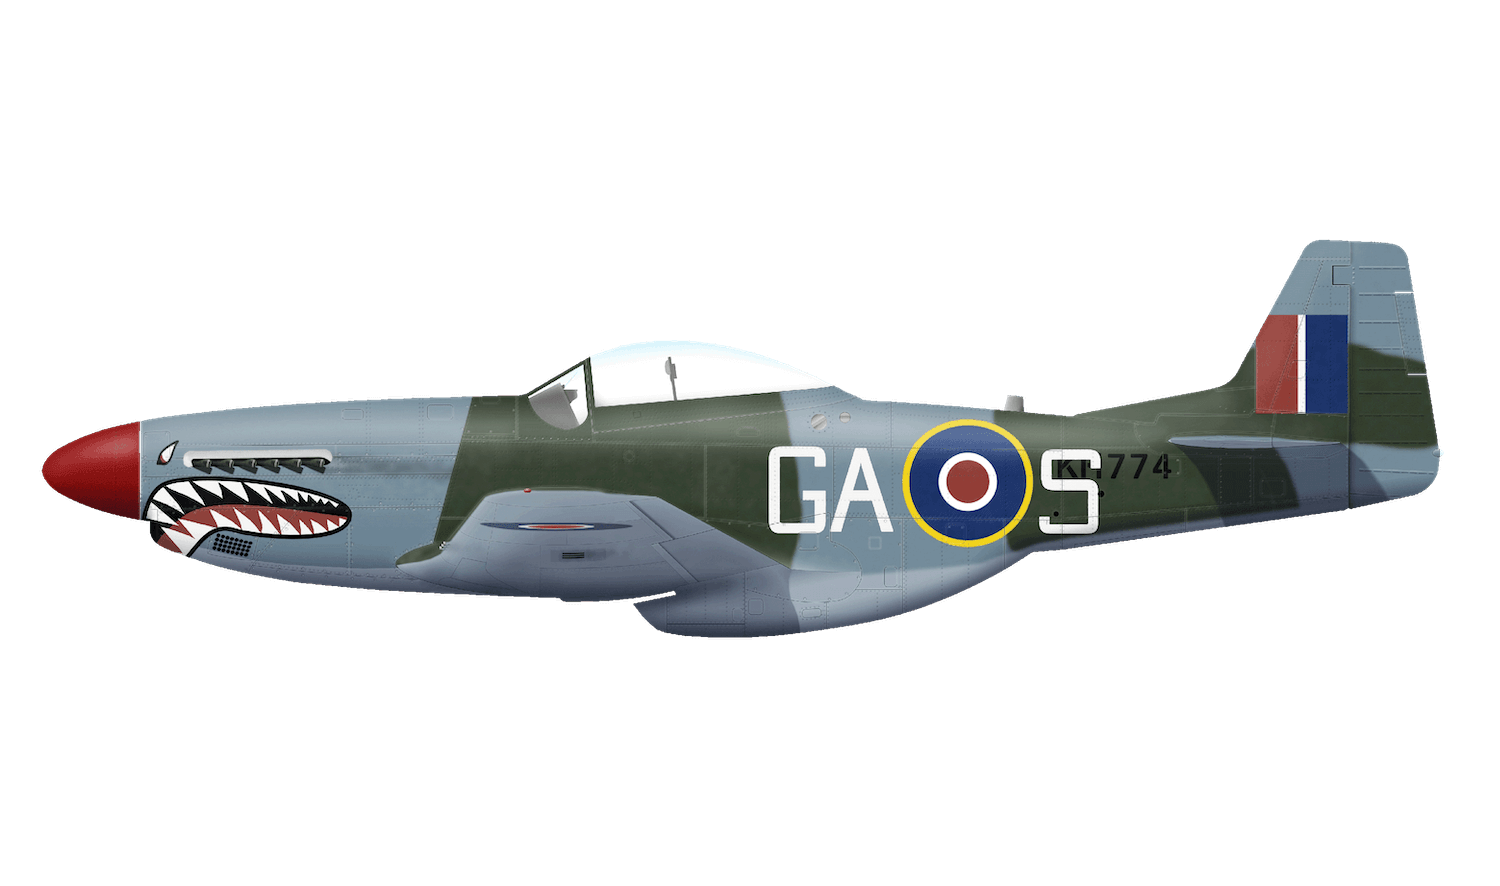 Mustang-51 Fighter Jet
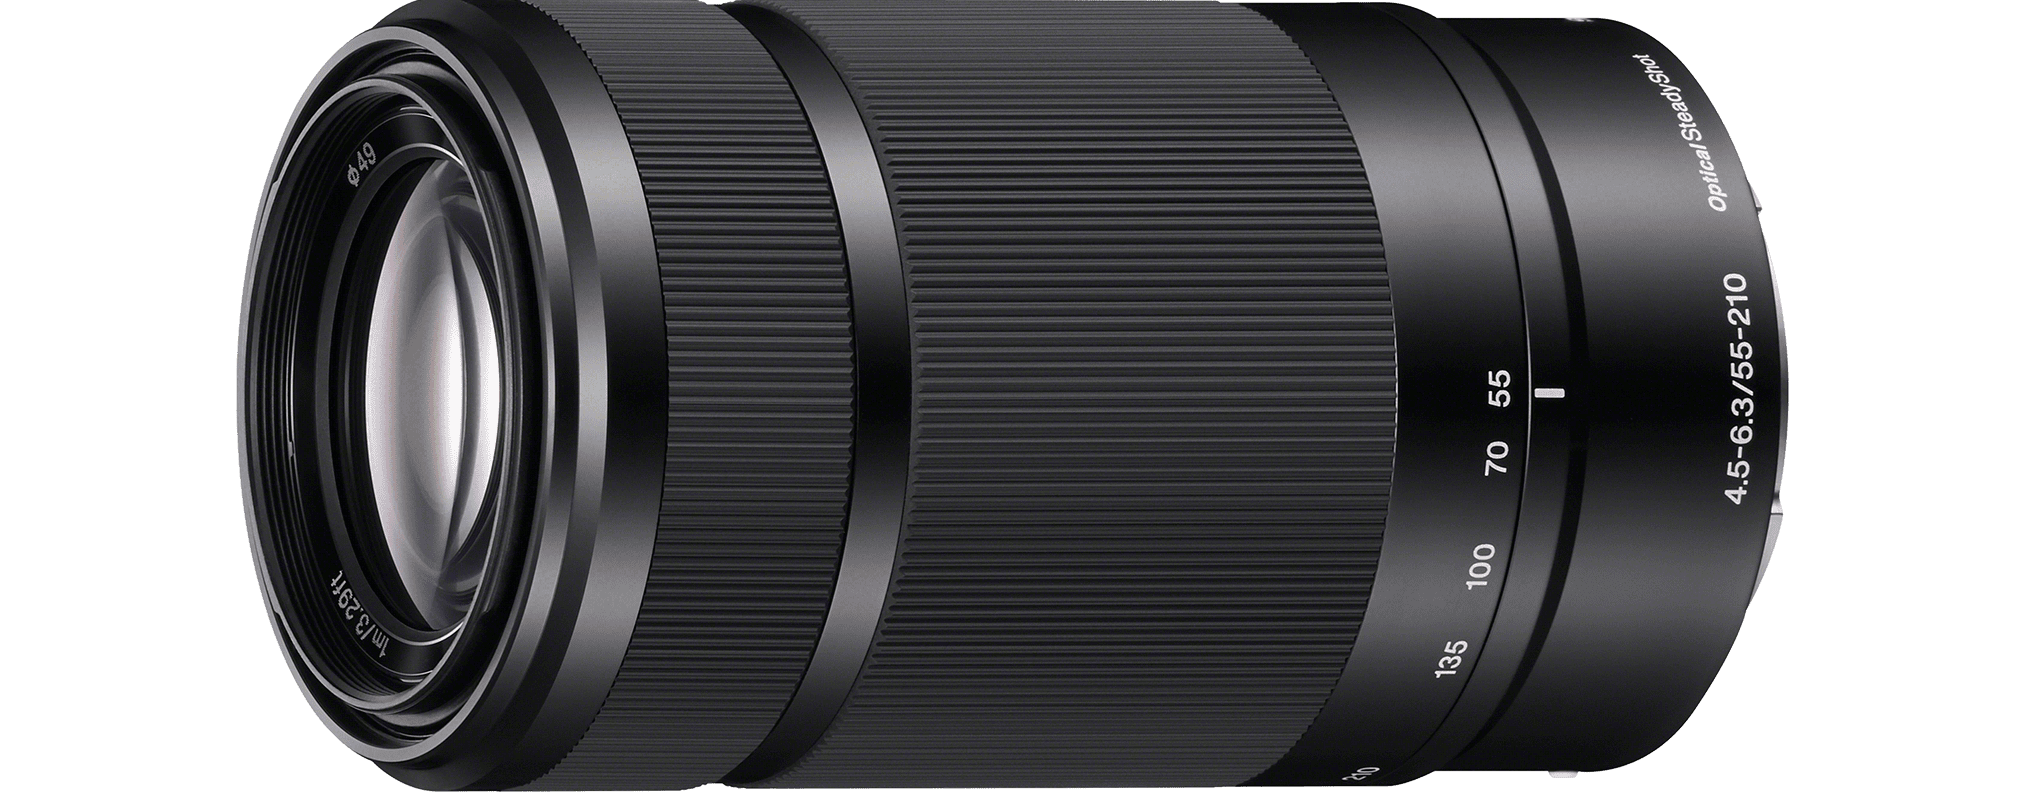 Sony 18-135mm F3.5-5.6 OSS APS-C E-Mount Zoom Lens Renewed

* * *

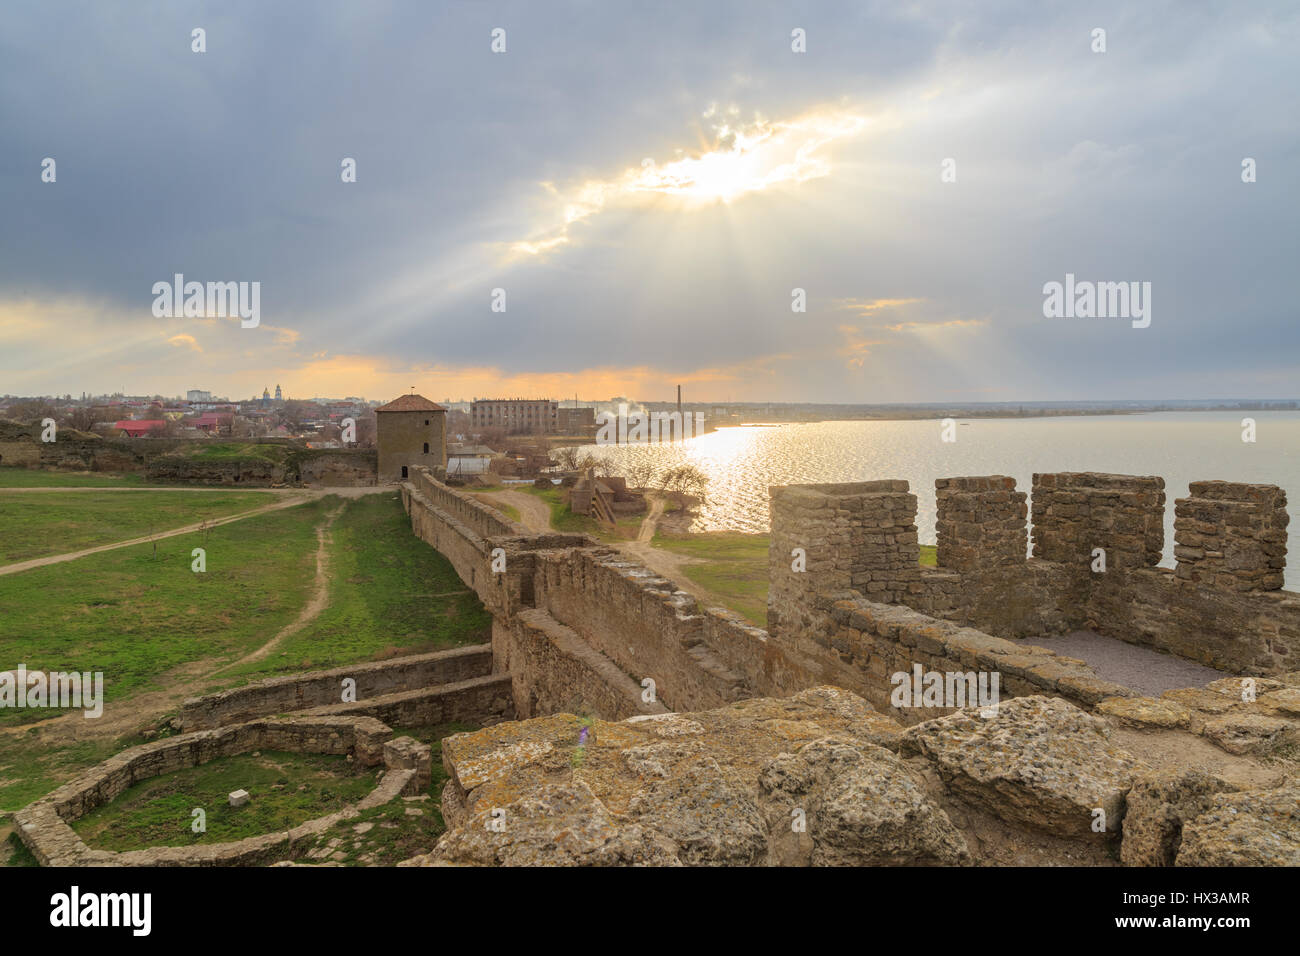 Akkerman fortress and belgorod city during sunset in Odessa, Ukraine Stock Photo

• Brief: Using the data above, transcribe exactly the lines between those containing "Mustang-51 Fighter Jet" and "Sony 18-135mm F3.5-5.6", inclusive, and leave every picture behind.

• Answer space:
 Mustang-51 Fighter Jet
 Sony 18-135mm F3.5-5.6 OSS APS-C E-Mount Zoom Lens Renewed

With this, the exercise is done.